_Provided data_
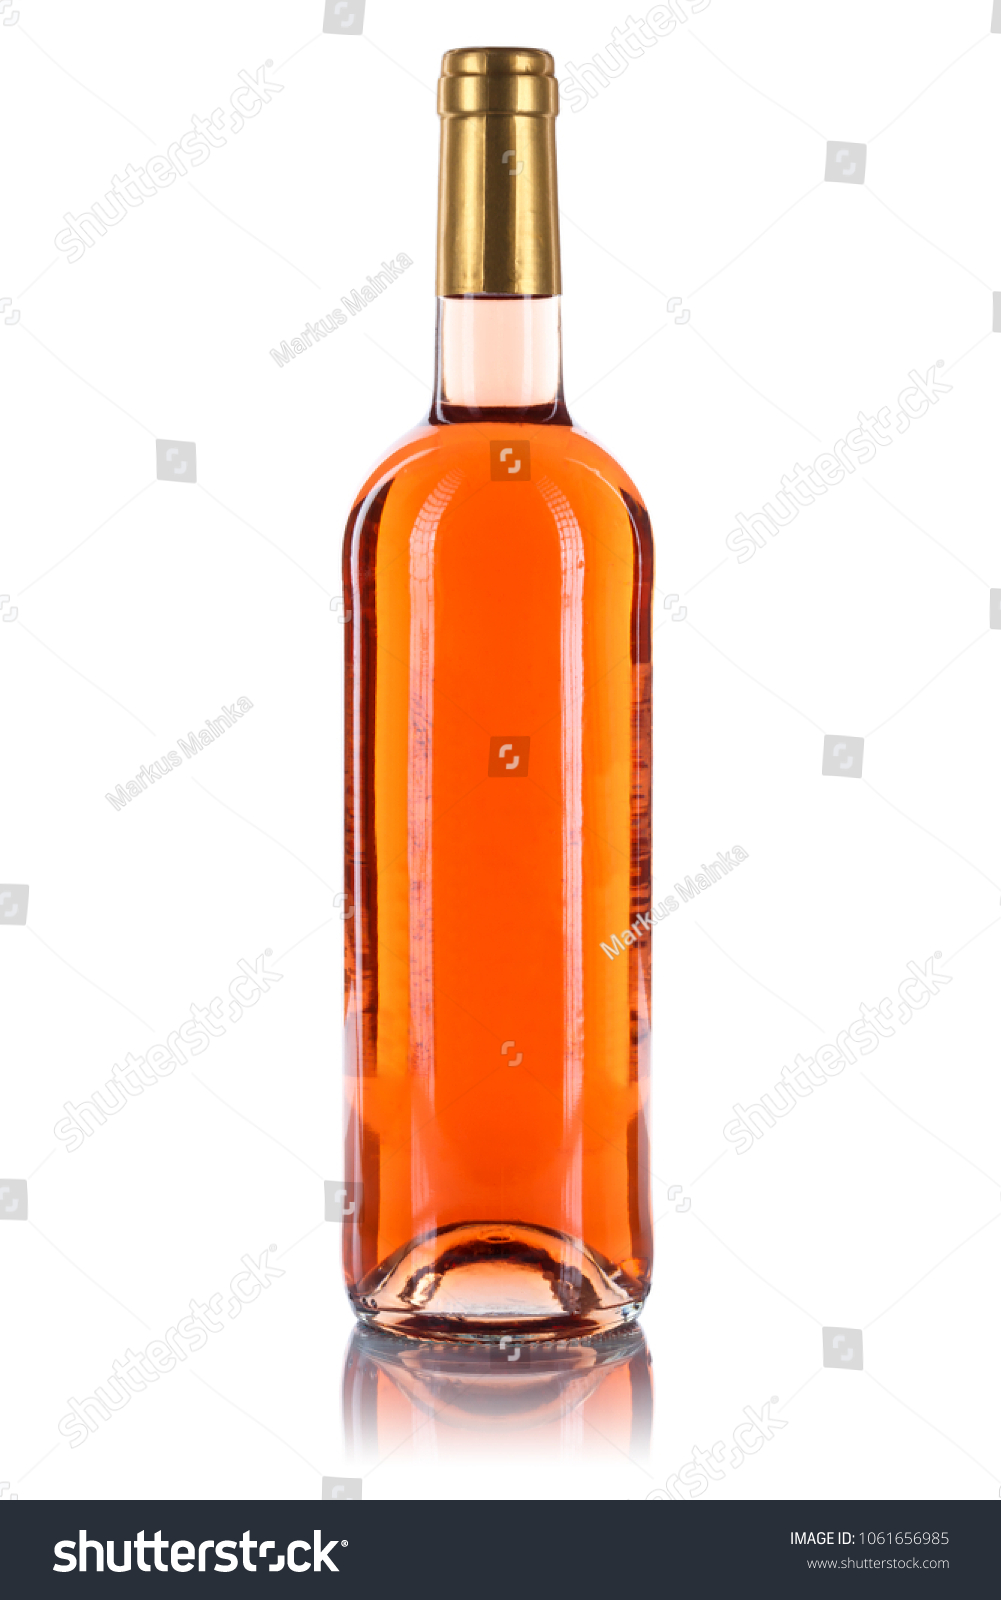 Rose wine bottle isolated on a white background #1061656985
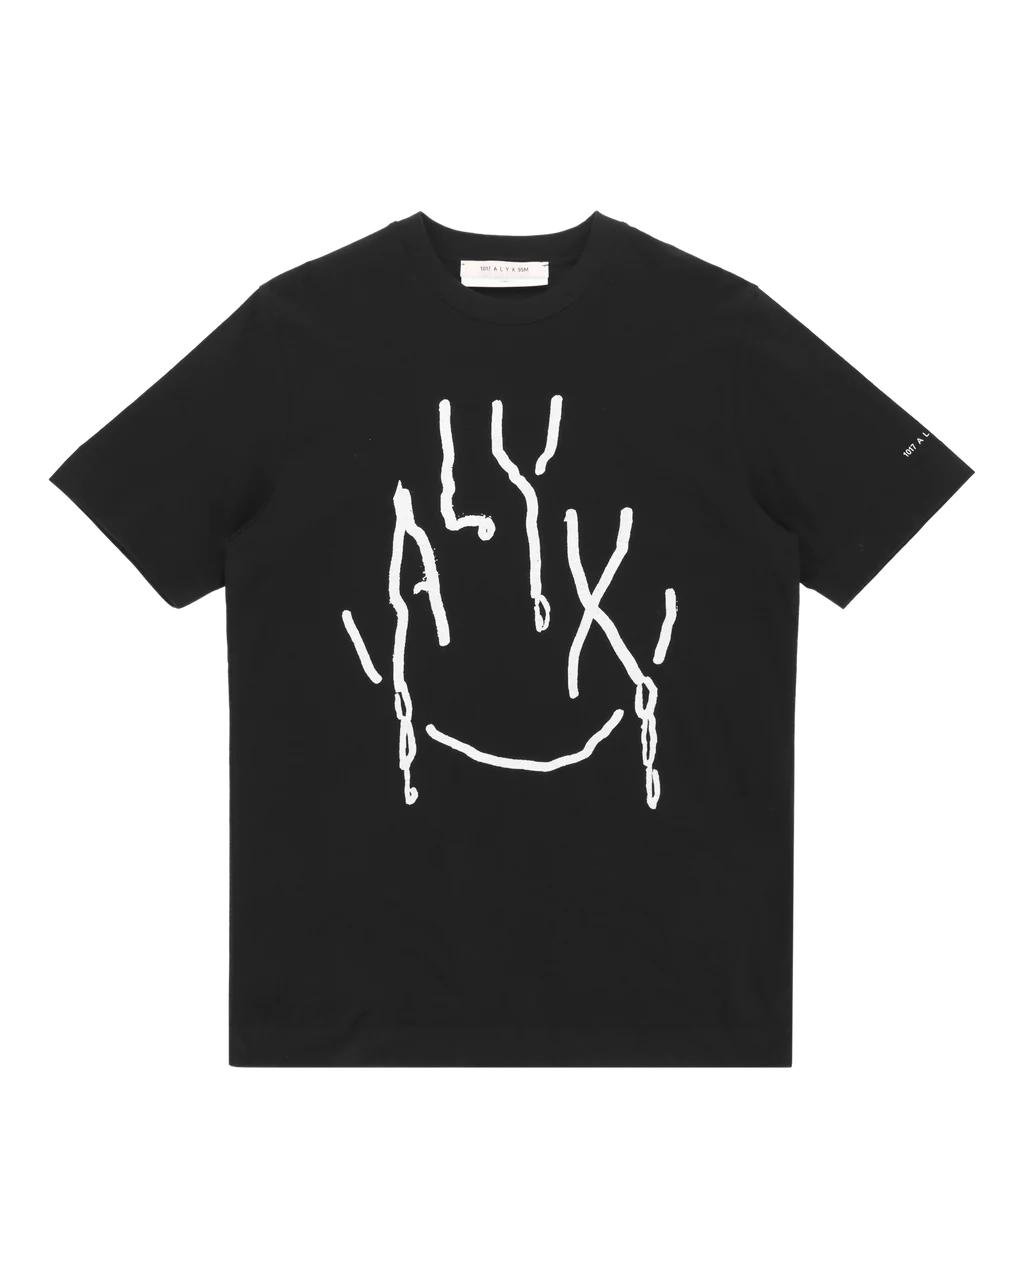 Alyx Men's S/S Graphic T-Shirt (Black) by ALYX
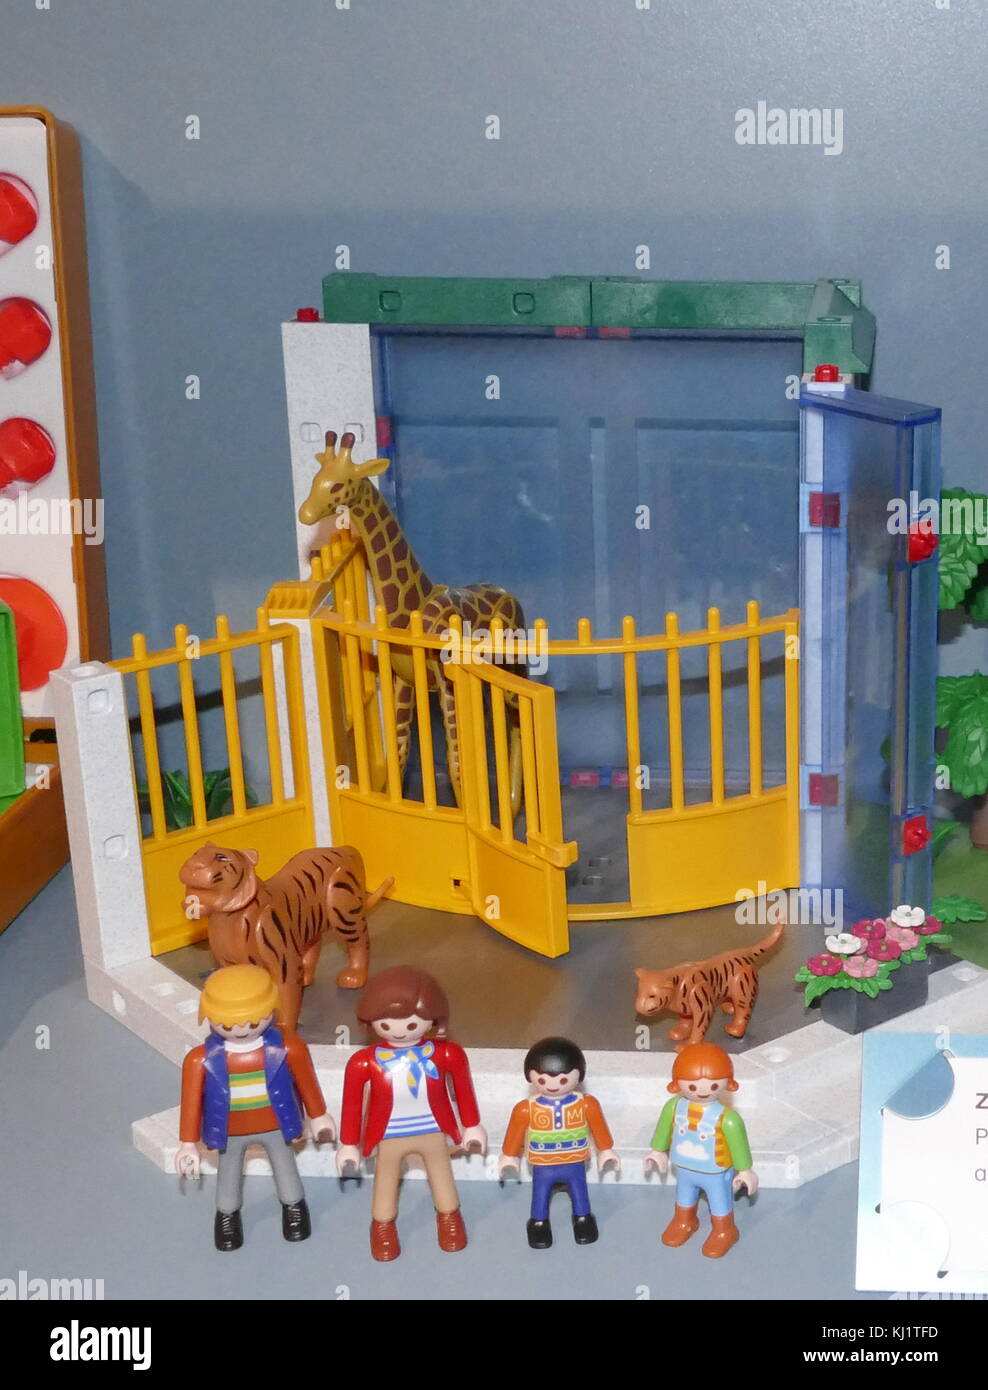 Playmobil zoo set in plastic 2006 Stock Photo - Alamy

_What the exercise asks_
Where a picture appears in the listing above, skip it and set down all the rest exactly.

_Exercise solution_
 Rose wine bottle isolated on a white background #1061656985
 Alyx Men's S/S Graphic T-Shirt (Black) by ALYX
 Playmobil zoo set in plastic 2006 Stock Photo - Alamy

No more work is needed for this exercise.